- Records for the task
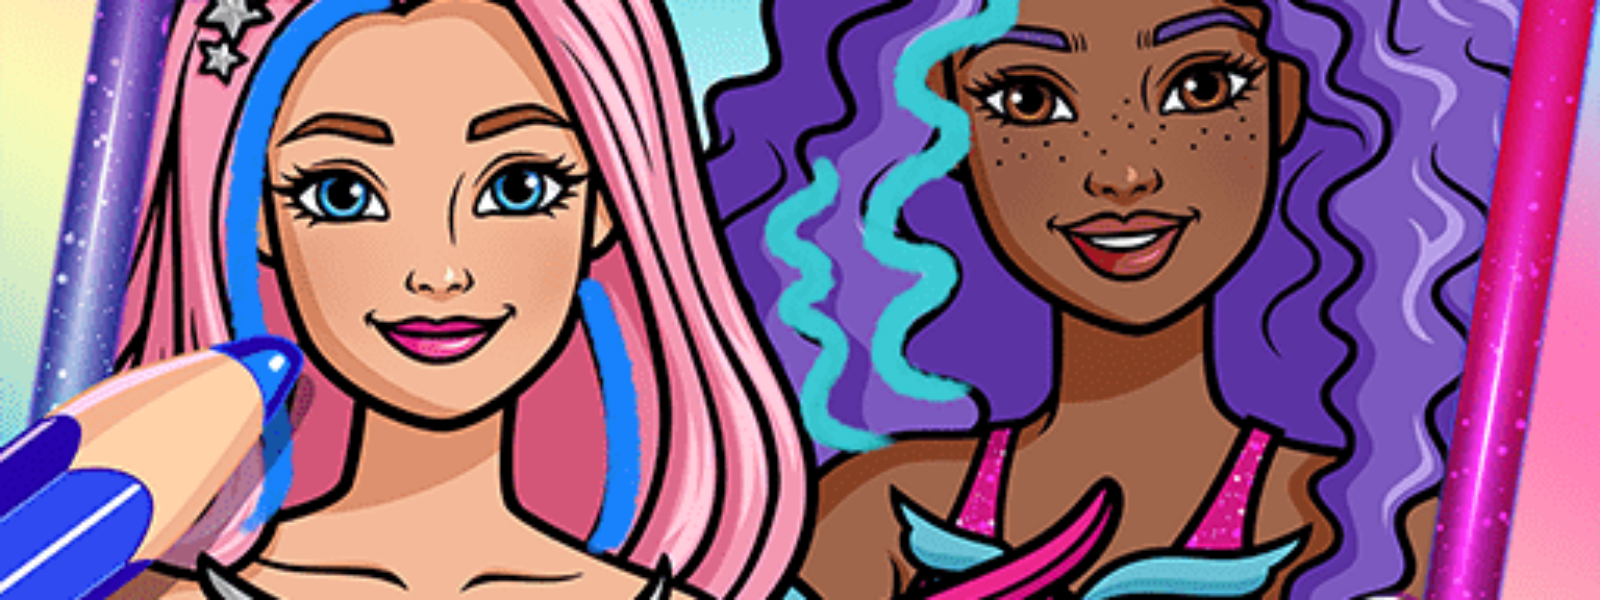 Barbie Color Creations pentru Android | iOS
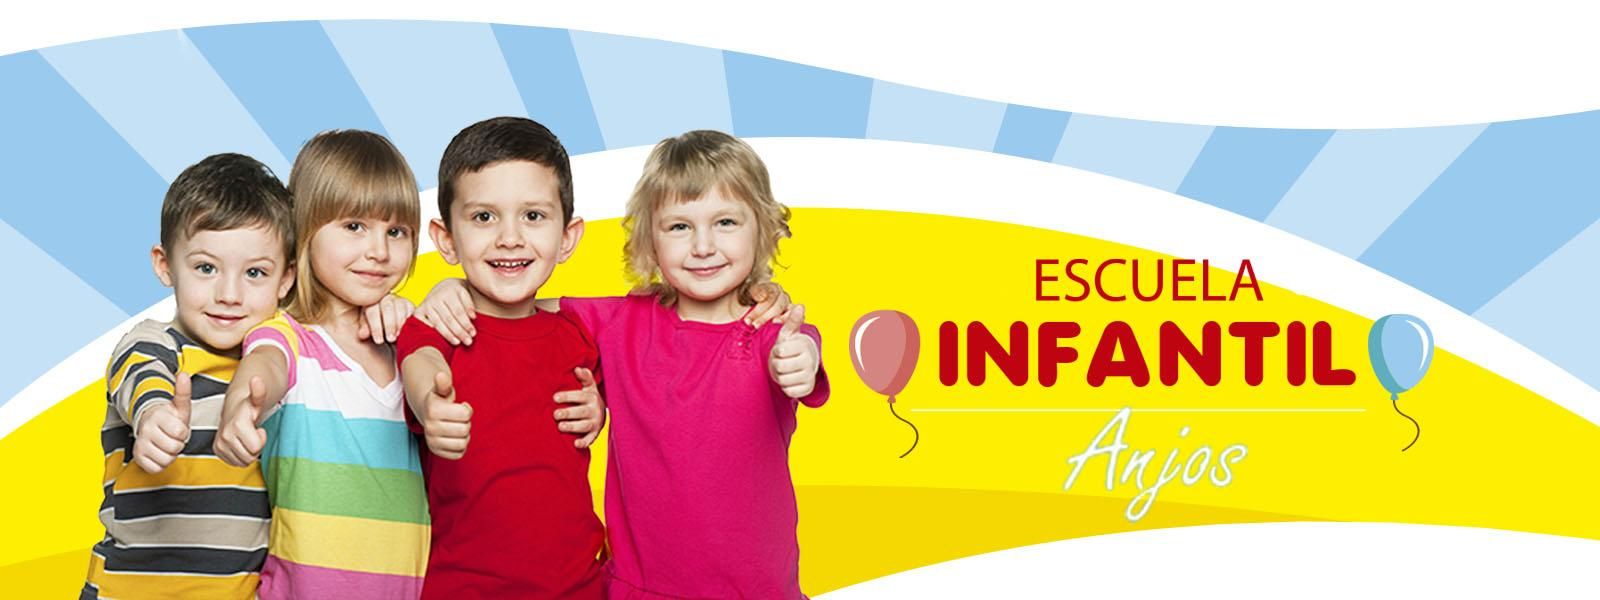 Escuela Infantil Anjos banner
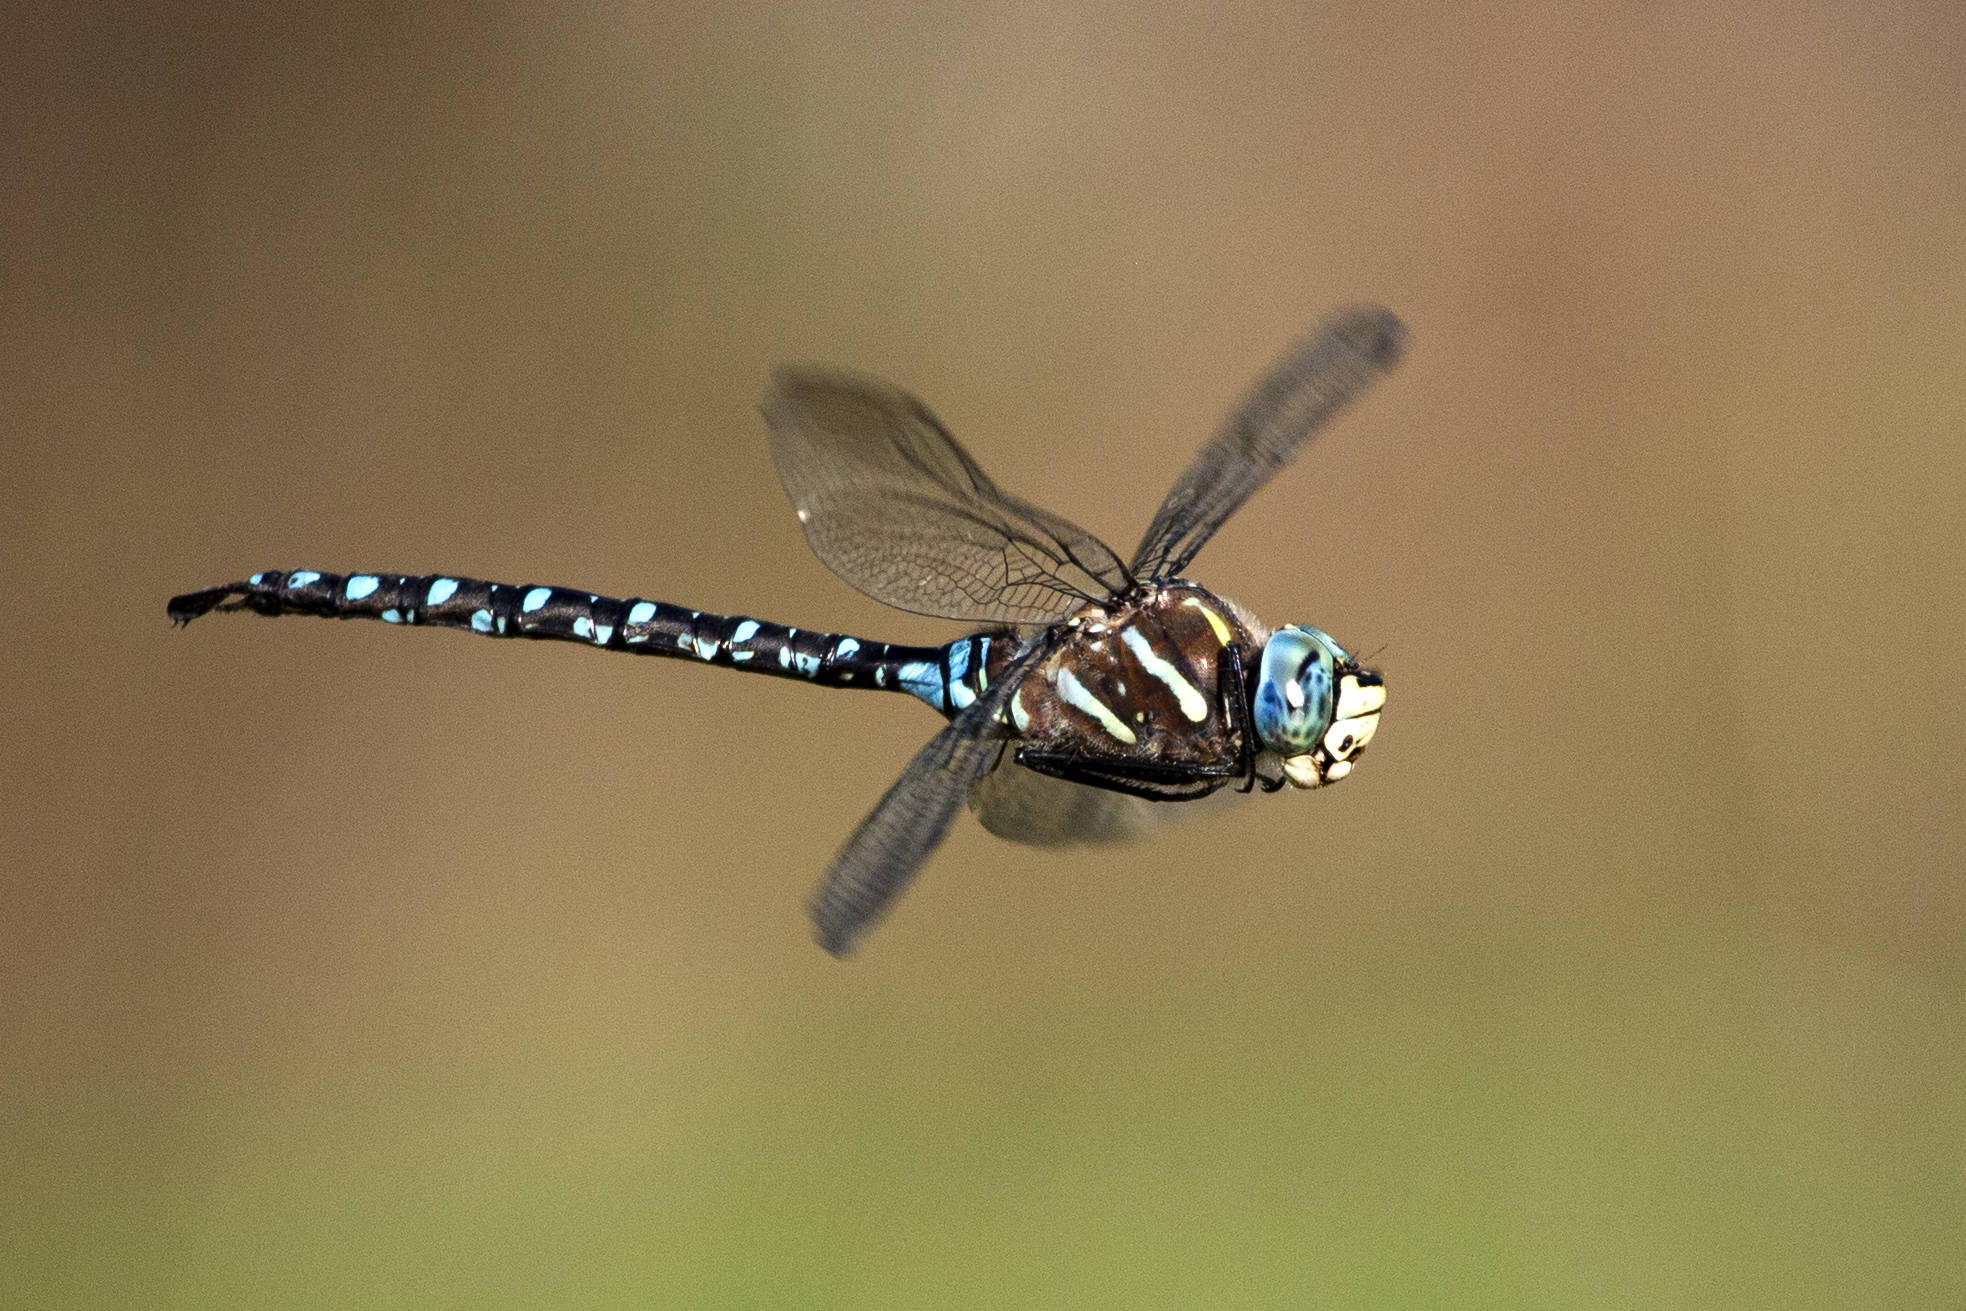 Dragonfly in Midair by Emily Matthiessen
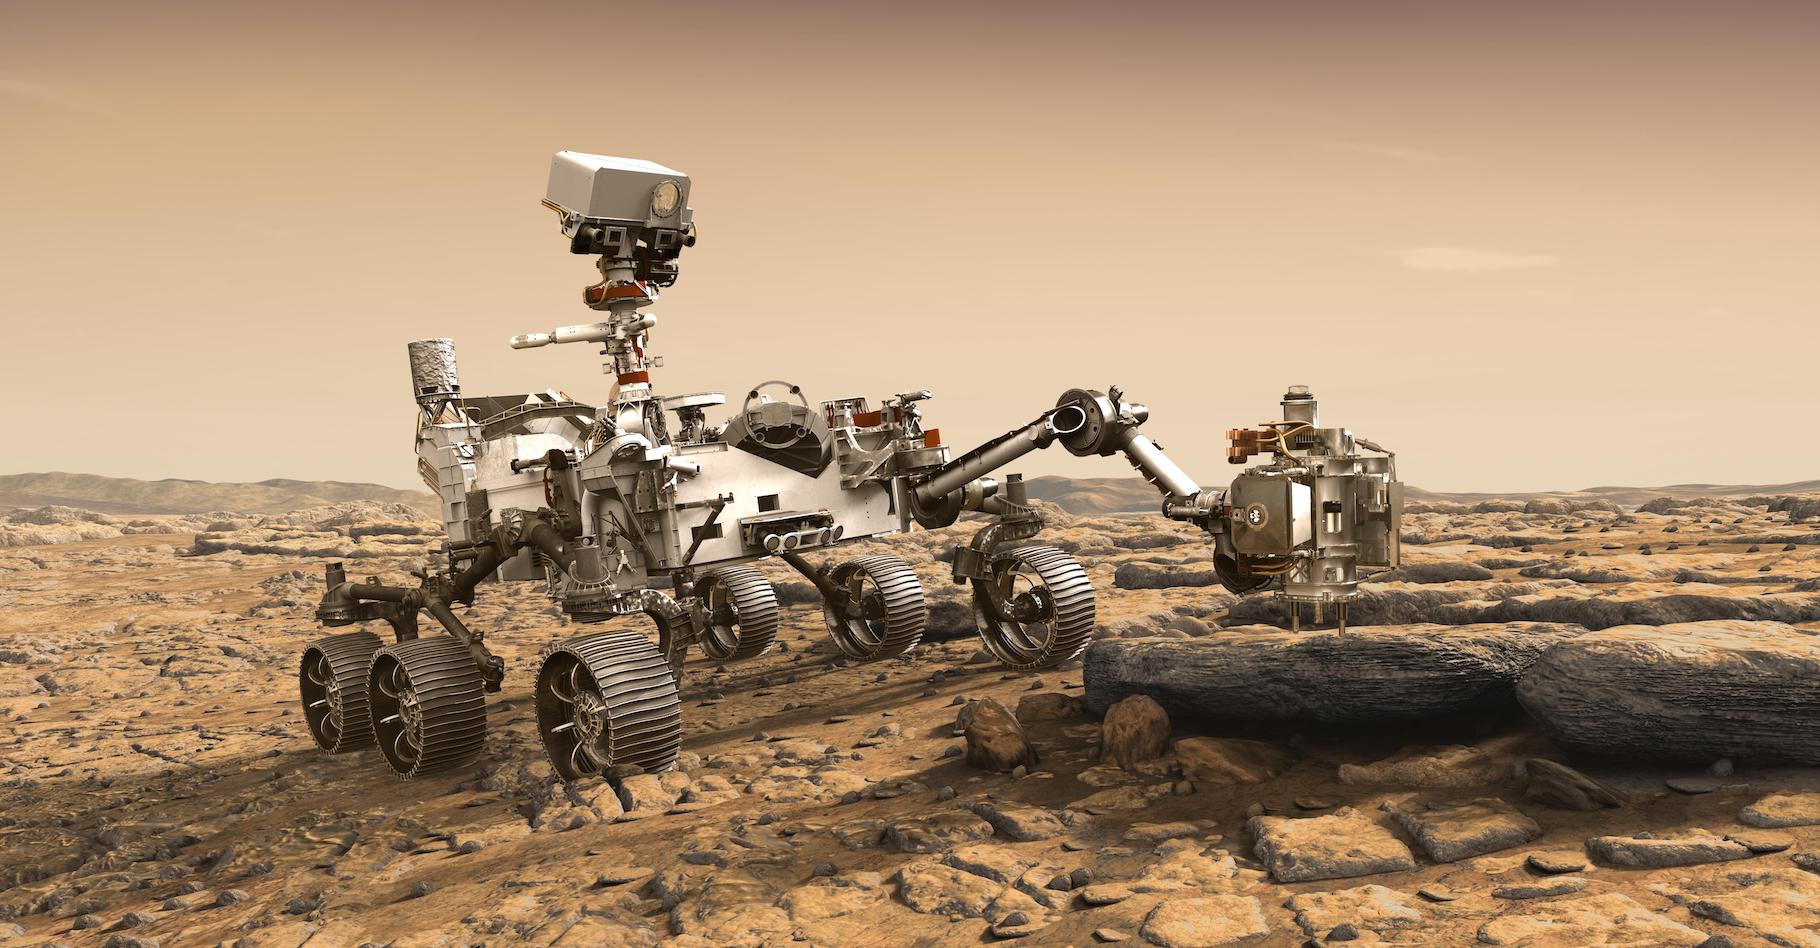 Perseverance est notamment attendu, car il prélèvera des échantillons de sol martien destinés à être ensuite ramenés sur Terre. © JPL-Caltech, Nasa
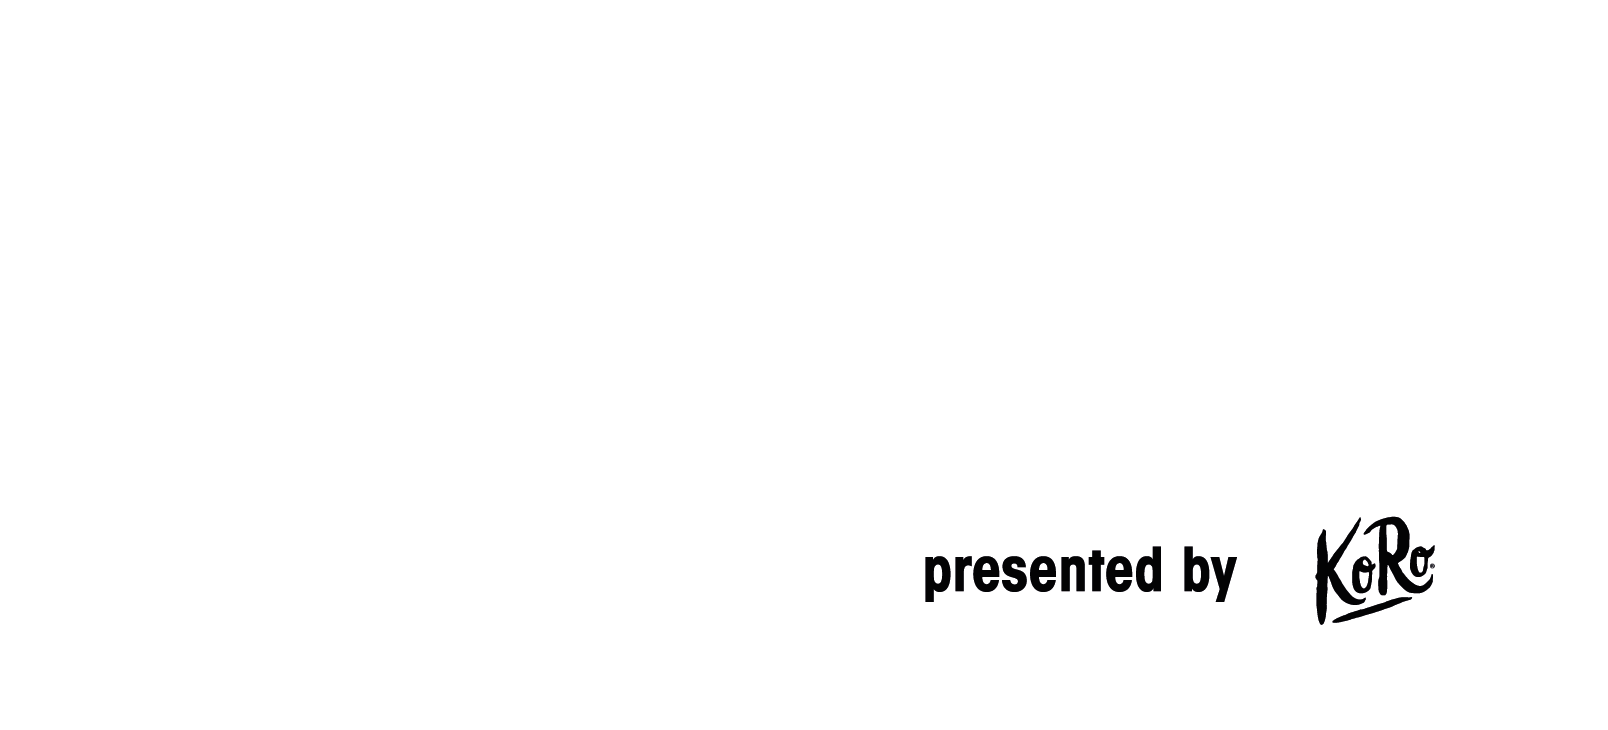 Gamescom LAN logo

- About this exercise
Pictures are to be left out, and each line from the one that contains "Dragonfly in Midair by Emily Matthiessen" through the end of the listing is to be copied exactly.

- Answer box
 Dragonfly in Midair by Emily Matthiessen
 Perseverance est notamment attendu, car il prélèvera des échantillons de sol martien destinés à être ensuite ramenés sur Terre. © JPL-Caltech, Nasa
 Gamescom LAN logo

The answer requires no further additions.